::: EXTRACTED MATERIAL :::

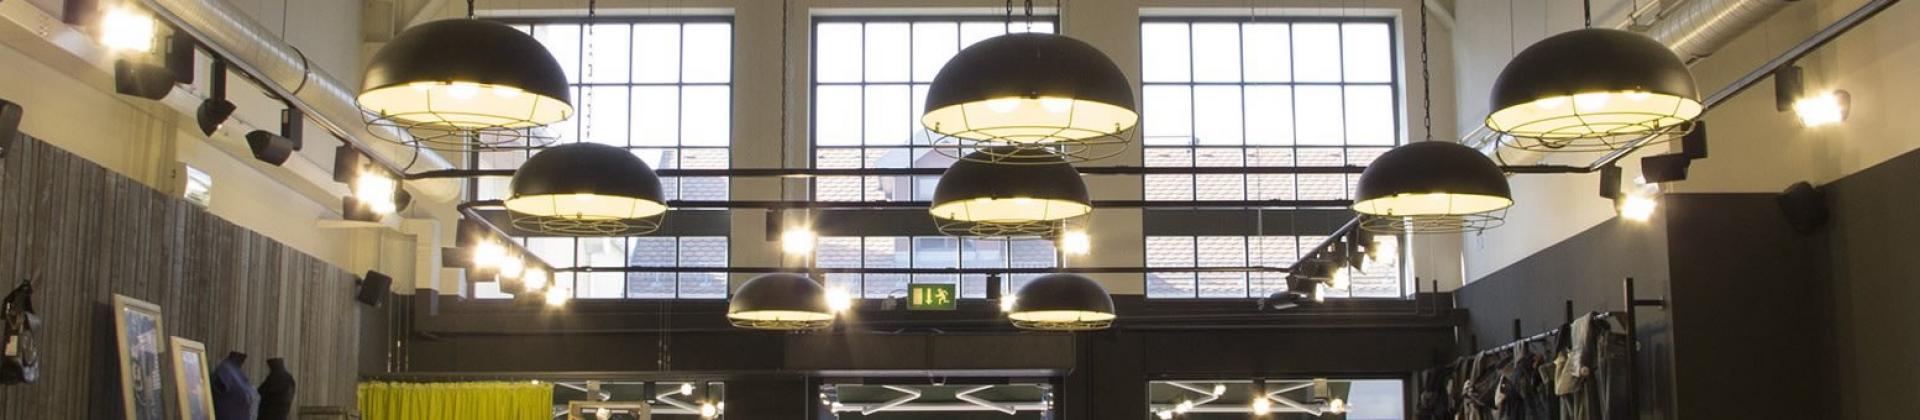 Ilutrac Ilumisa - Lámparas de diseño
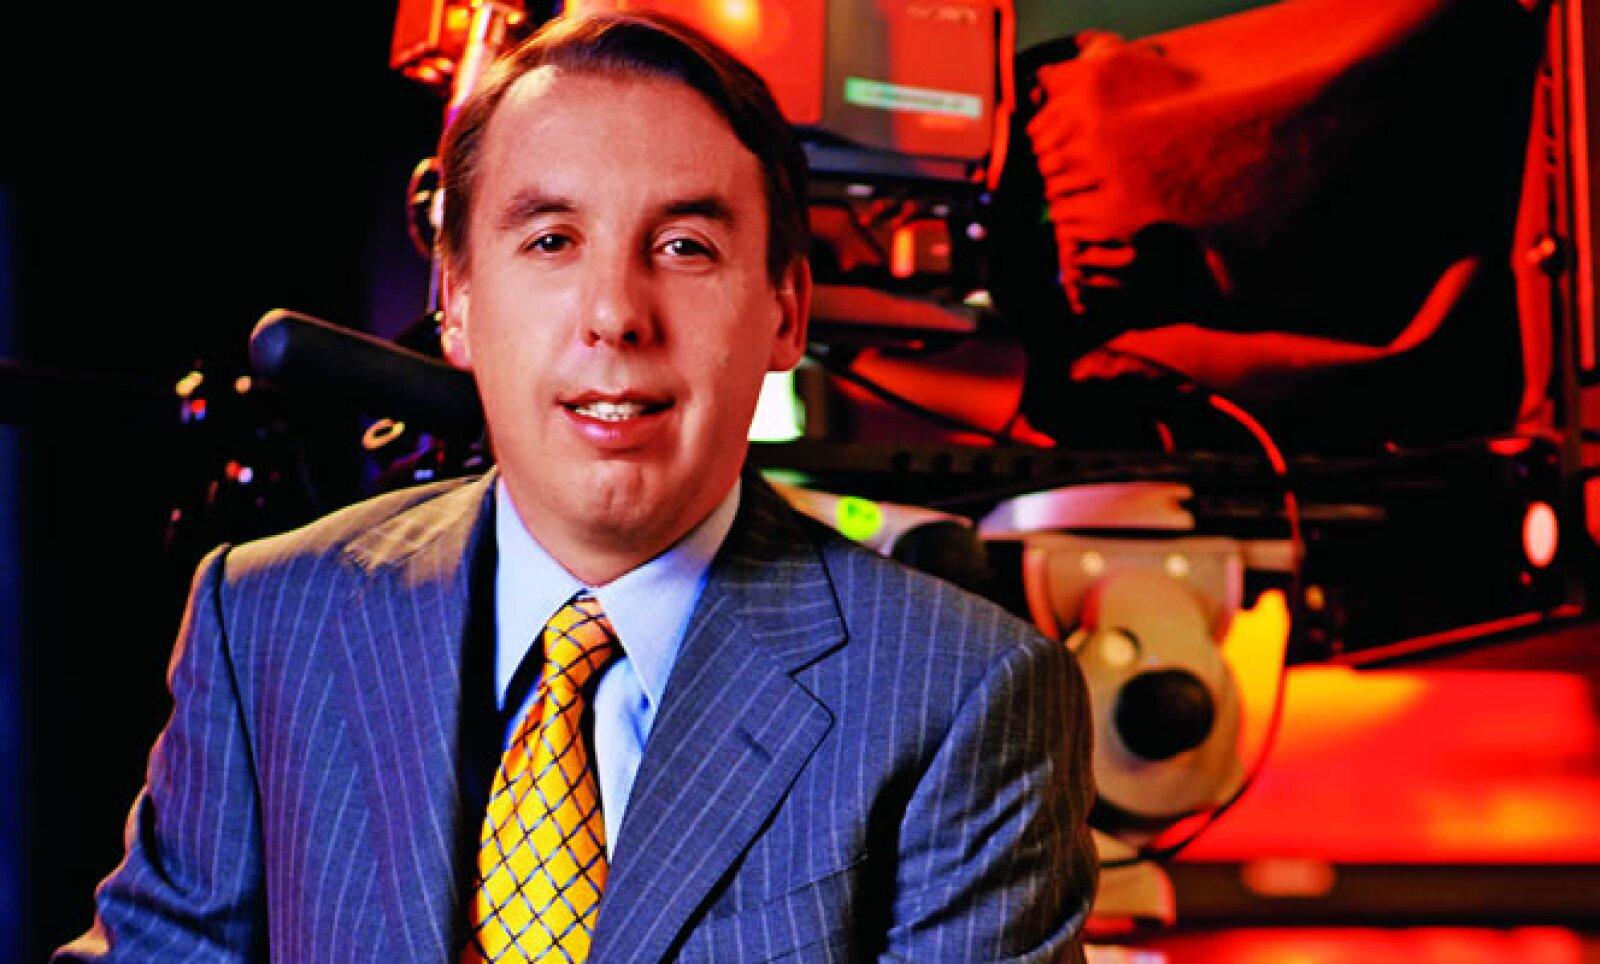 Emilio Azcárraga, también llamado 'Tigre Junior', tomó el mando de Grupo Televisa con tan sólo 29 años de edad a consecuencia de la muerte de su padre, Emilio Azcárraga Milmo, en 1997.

:::
::: EXTRACTED MATERIAL :::

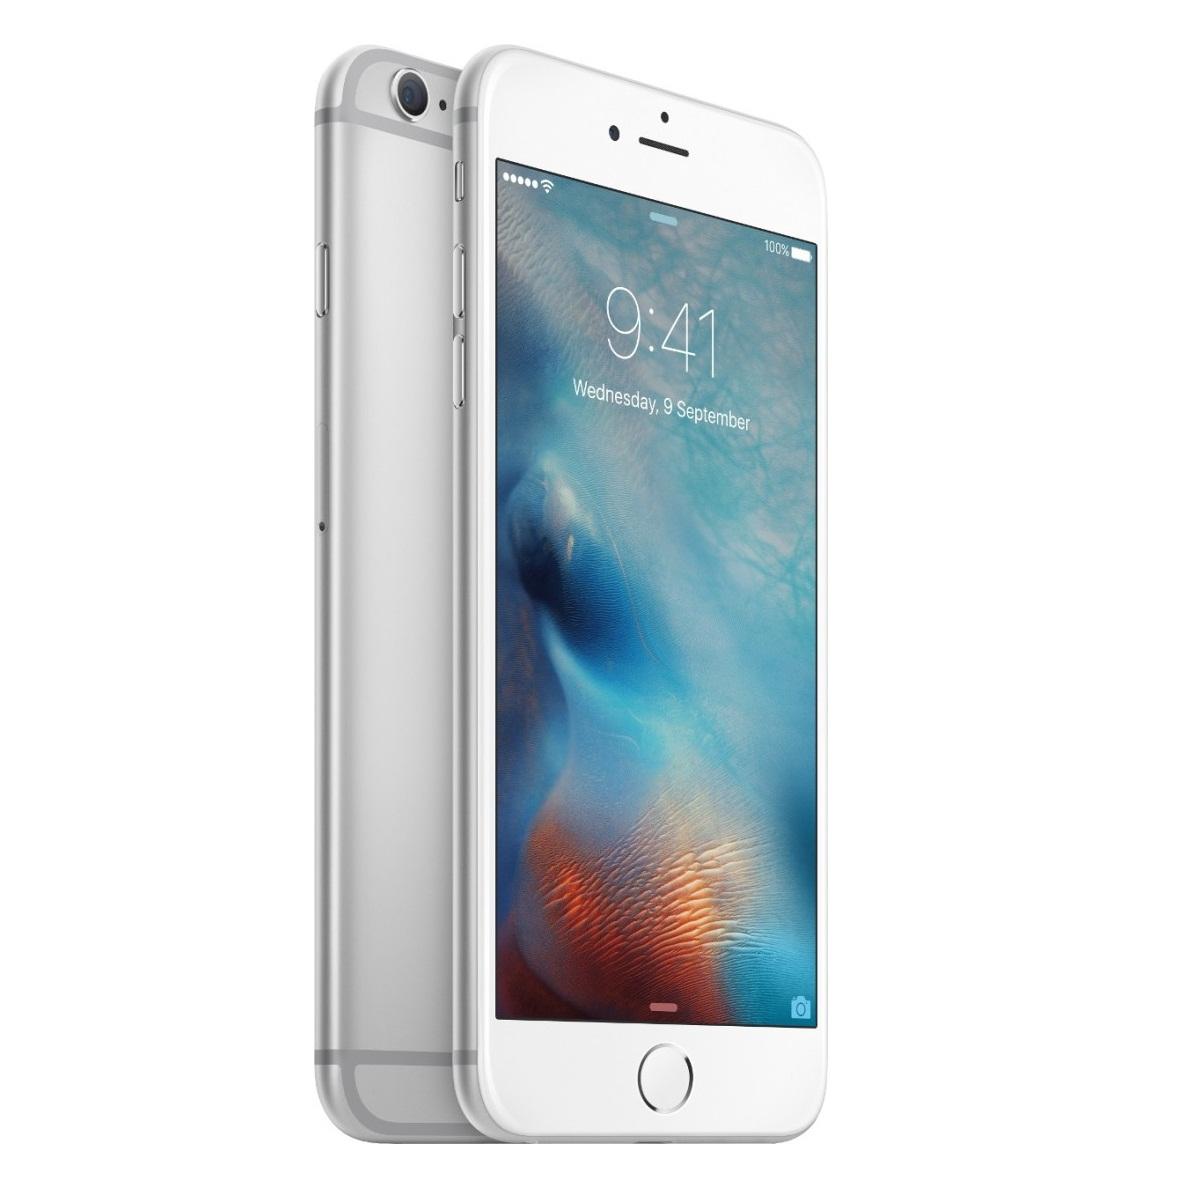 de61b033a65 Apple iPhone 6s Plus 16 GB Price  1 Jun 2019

:::
::: EXTRACTED MATERIAL :::

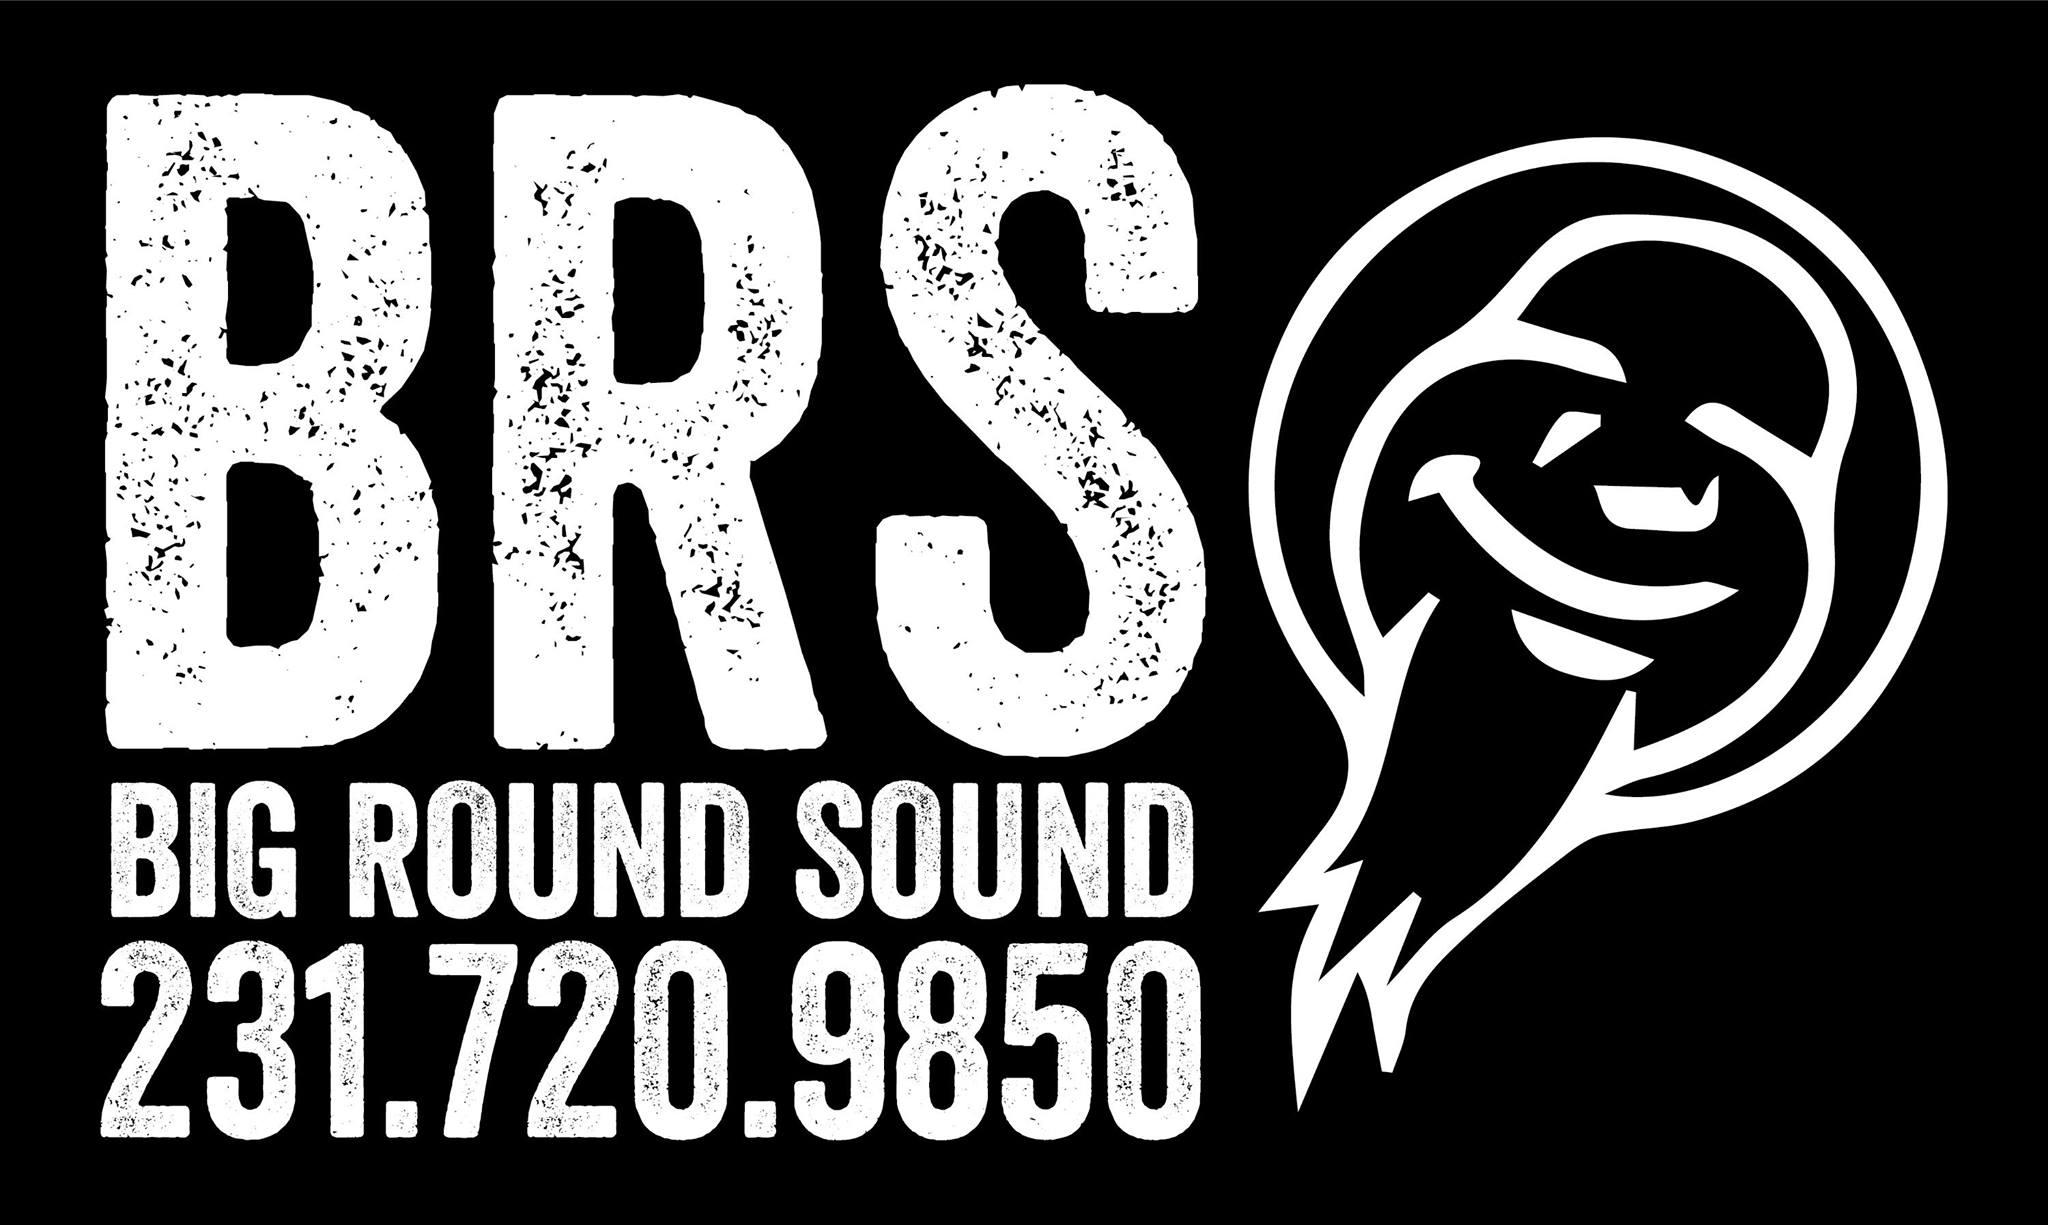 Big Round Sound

:::

* _YOUR TASK_: Reproduce exactly the lines above that run from the one with "Ilutrac Ilumisa - Lámparas de diseño" to the one with "Emilio Azcárraga, también", both included, leaving pictures out.

* _SOLVED PROBLEM_:
 Ilutrac Ilumisa - Lámparas de diseño
 Emilio Azcárraga, también llamado 'Tigre Junior', tomó el mando de Grupo Televisa con tan sólo 29 años de edad a consecuencia de la muerte de su padre, Emilio Azcárraga Milmo, en 1997.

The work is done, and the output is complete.